Canadian dollar seen pressured by cheap oil, expected Fed hike: Reuters poll

3 Min Read

Bank of Canada Governor Stephen Poloz presents the new Canadian five dollar bill made of polymer that is entering circulation today, at the Canadian Space Agency in St. Hubert, Quebec November 7, 2013.Christinne Muschi

TORONTO (Reuters) - The Canadian dollar is expected to trade near a five-year low against its U.S. counterpart for much of this year, under pressure from a crash in crude oil prices and an impending U.S. interest rate hike, according to a Reuters poll.

Currency strategists polled by Reuters have slashed their forecasts from a month ago after a rocky start to 2015, with heavy selling that has already knocked down the loonie nearly 2 percent to its weakest since early 2009.

They now predict the Canadian dollar will trade at C$1.18 in 12 months, weaker than the December forecast of C$1.16. The median forecast is C$1.16 in three months and C$1.17 in six months, according to the 42 forecasters polled.

The currency fell about 9 percent last year in its worst performance since 2008, the year the global financial crisis began in earnest.

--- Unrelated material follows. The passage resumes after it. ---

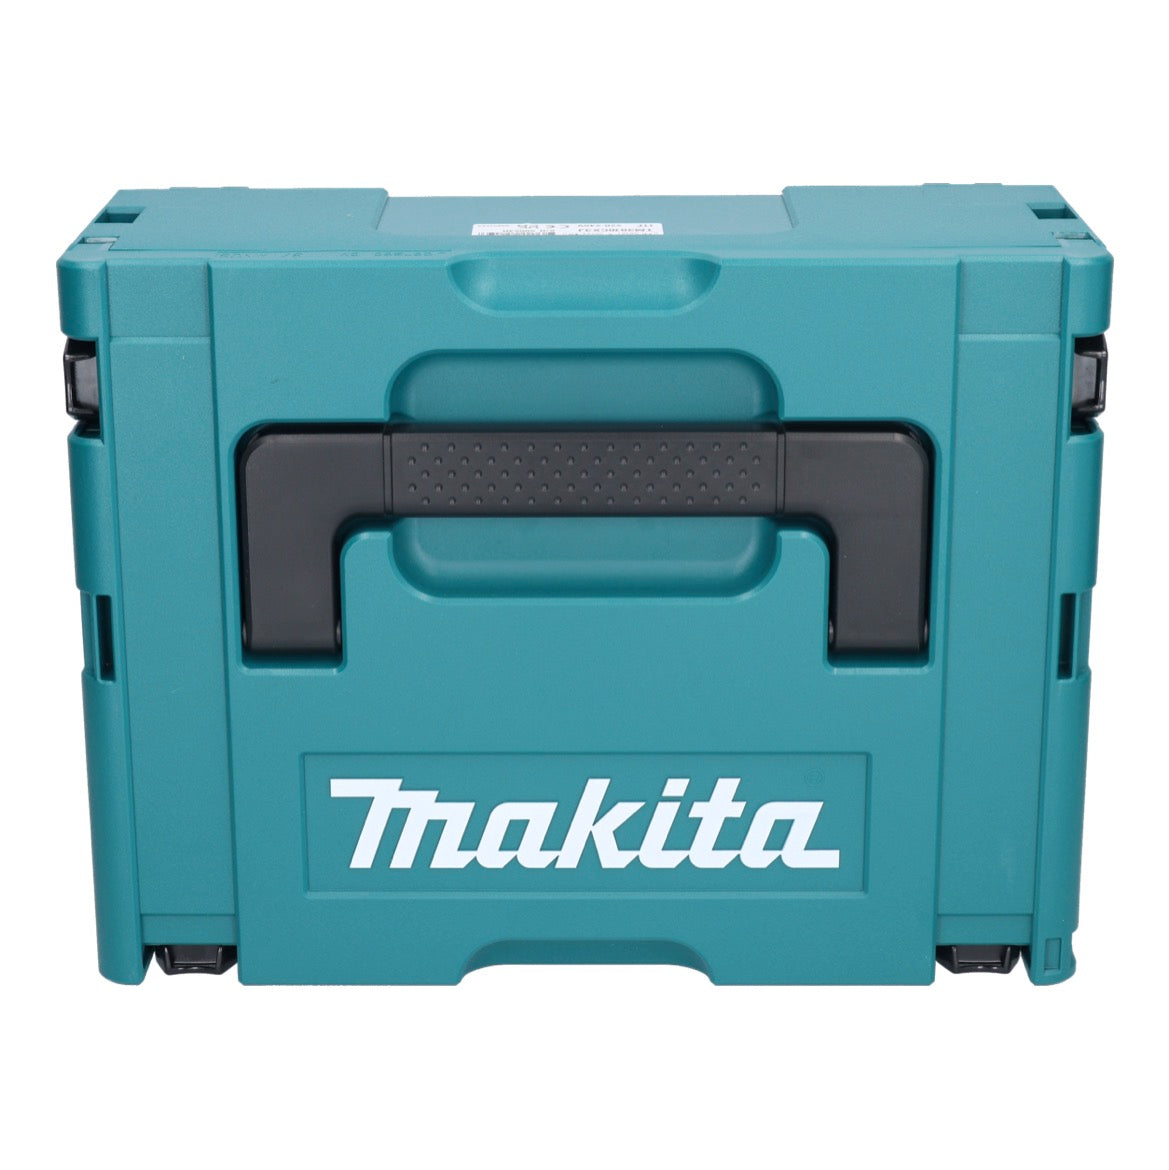 Makita TM 3010 CX3J Multifunktionswerkzeug 320 W OIS / Starlock + 59 tlg. Zubehör Set + Makpac
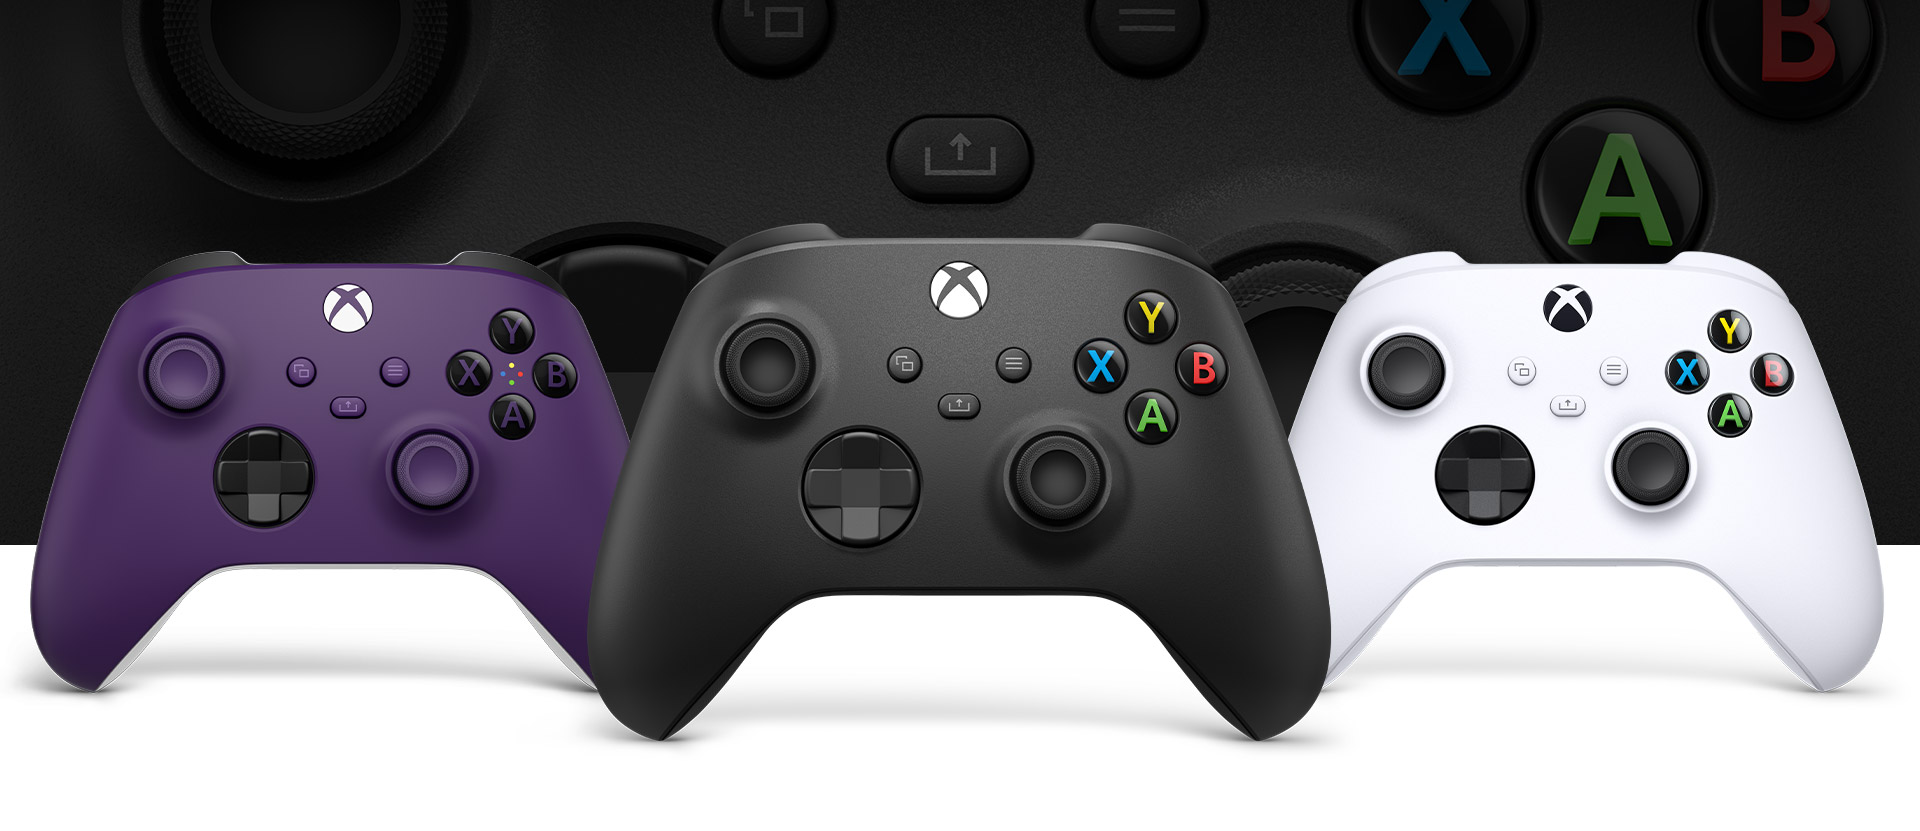 Kontroler Xbox w kolorze węglowej czerni, a za nim: kontroler w kolorze fioletowym po lewej i kontroler w kolorze robotycznej bieli po prawej

It was trading at C$1.18 on Wednesday.

A plunge of more than 50 percent in oil prices in just six months is partly to blame, as is the prospect that the Bank of Canada will keep interest rates unchanged long after an expected move by the U.S. Federal Reserve this summer. [FED/R]

The U.S. economy grew at a 5 percent annualized rate in the third quarter, its quickest pace in 11 years, giving further support to the view the Fed is gearing up to hike rates for the first time since 2006.

But the outlook is very different for Canada.

"It is hard to see any near-term positives for the Canadian dollar when 25 percent of your exports are energy products and the prices are dropping in half," said Avery Shenfeld, chief economist at CIBC World Markets.

"In this kind of environment, even to get a rate hike in the fourth quarter in Canada, we are going to need to see a significant recovery in oil prices."

Most strategists see these basic interest rate differentials as the main thing holding back the Canadian dollar.

"This will weaken the Canadian dollar on a pretty consistent basis over the course of 2015," said Benjamin Reitzes, a foreign exchange strategist with BMO Capital Markets.